To add html highlighting to this group execute the following commands
unlet b:current_syntax
syntax include #HTML syntax/html.vim
syn region HtmlEmbeddedInCoffeeScript start="" end=""
\ contains=#HTML containedin=coffeeHereDoc
Since vim complains about recursion if you add these lines to coffee.vim i would go with an autocommand:
function! Coffee_syntax()
if !empty(b:current_syntax)
unlet b:current_syntax
endif
syn include #HTML syntax/html.vim
syn region HtmlEmbeddedInCoffeeScript start="" end="" contains=#HTML
\ containedin=coffeeHereDoc
endfunction
autocmd BufEnter *.coffee call Coffee_syntax()
I was also running into various issues while trying to get this to work. After some experimentation, here's what I came up with. Just create .vim/after/syntax/coffee.vim with the following contents:
unlet b:current_syntax
syntax include #HTML $VIMRUNTIME/syntax/html.vim
syntax region coffeeHtmlString matchgroup=coffeeHeredoc
\ start=+'''\\(\\_\\s*<\\w\\)\\#=+ end=+\\(\\w>\\_\\s*\\)\\#<='''+
\ contains=#HTML
syn sync minlines=300
The unlet b:current_syntax line disables the current syntax matching and lets the HTML syntax definition take over for matching regions.
Using an absolute path for the html.vim inclusion avoids the recursion problem (described more below).
The region definition matches heredoc strings that look like they contain HTML. Specifically, the start pattern looks for three single quotes followed by something that looks like the beginning of an HTML tag (there can be whitespace between the two), and the end pattern looks for the end of an HTML tag followed by three single quotes. Heredoc strings that don't look like they contain HTML are still matched using the coffeeHeredoc pattern. This works because this syntax file is being loaded after the syntax definitions from the coffeescript plugin, so we get a chance to make the more specific match (a heredoc containing HTML) before the more general match (the coffeeHeredoc region) happens.
The syn sync minlines=300 widens the matching region.
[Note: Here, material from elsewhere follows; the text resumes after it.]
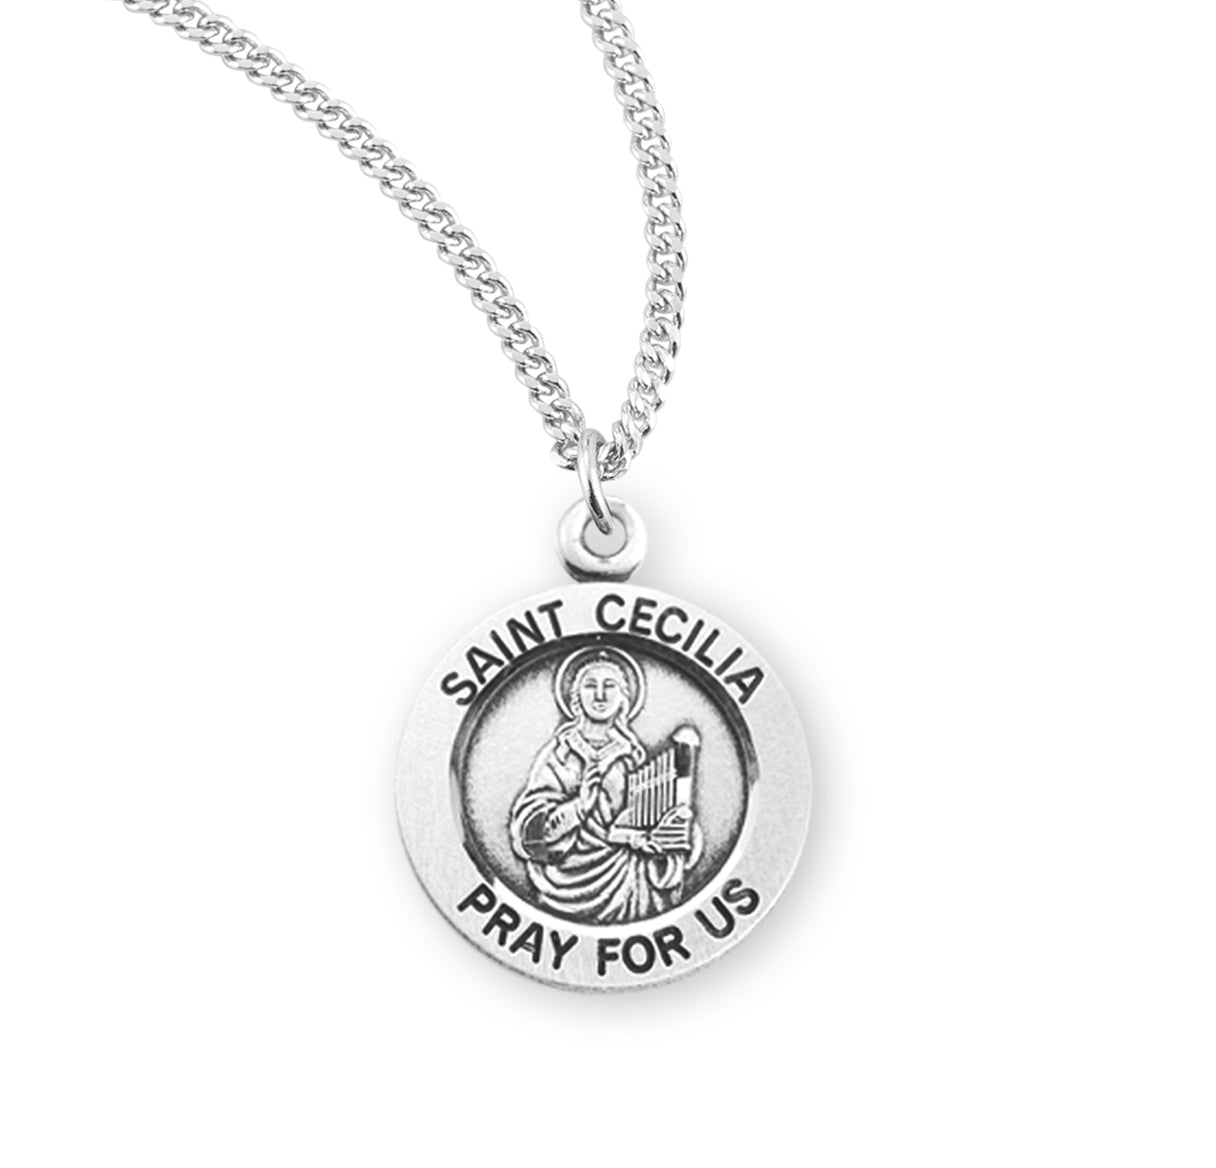 Patron Saint Cecilia Round Sterling Silver Medal
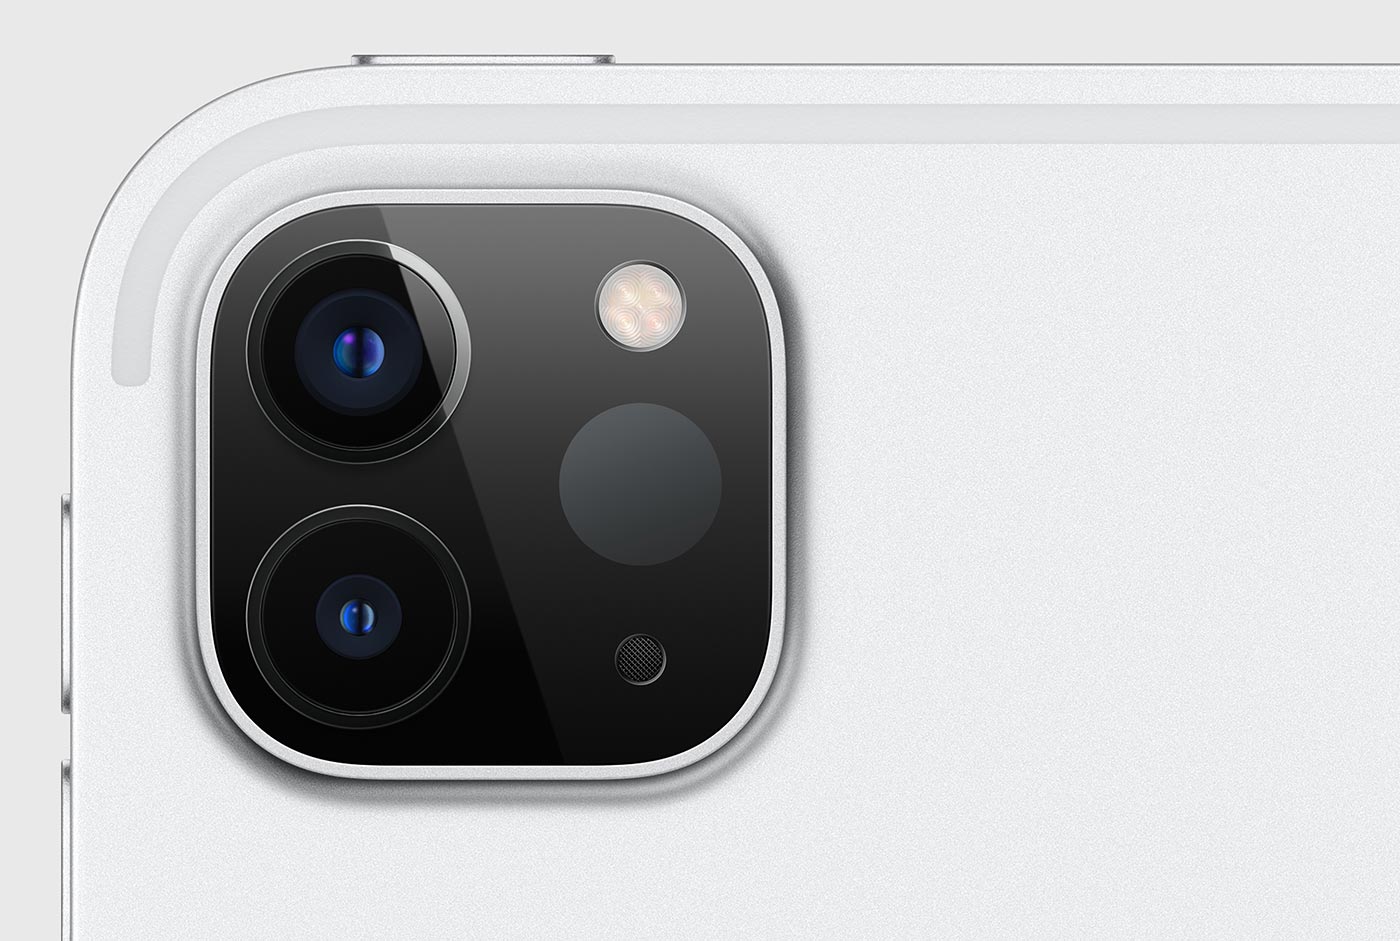  The image shows the camera system of the iPad Pro M4, which has three lenses and a flash.

My embedded HTML strings sometimes stretched over 50 lines, and Vim's syntax highlighter would get confused about how the string should be highlighted. For complete surety you could use syn sync fromstart, but for large files this could theoretically be slow (I didn't try it).
The recursion problem originally experienced by #heartbreaker was caused by the html.vim script that comes with the vim-coffeescript plugin (I'm assuming that was being used). That plugin's html.vim file includes the its coffee.vim syntax file to add coffeescript highlighting to HTML files. Using a relative syntax include, a la
syntax include #HTML syntax/html.vim
you get all the syntax/html.vim files in VIM's runtime path, including the one from the coffeescript plugin (which includes coffee.vim, hence the recursion). Using an absolute path will restrict you to only getting the particular syntax file you specify, but this seems like a reasonable tradeoff since the HTML one would embed in a coffeescript string is likely fairly simple.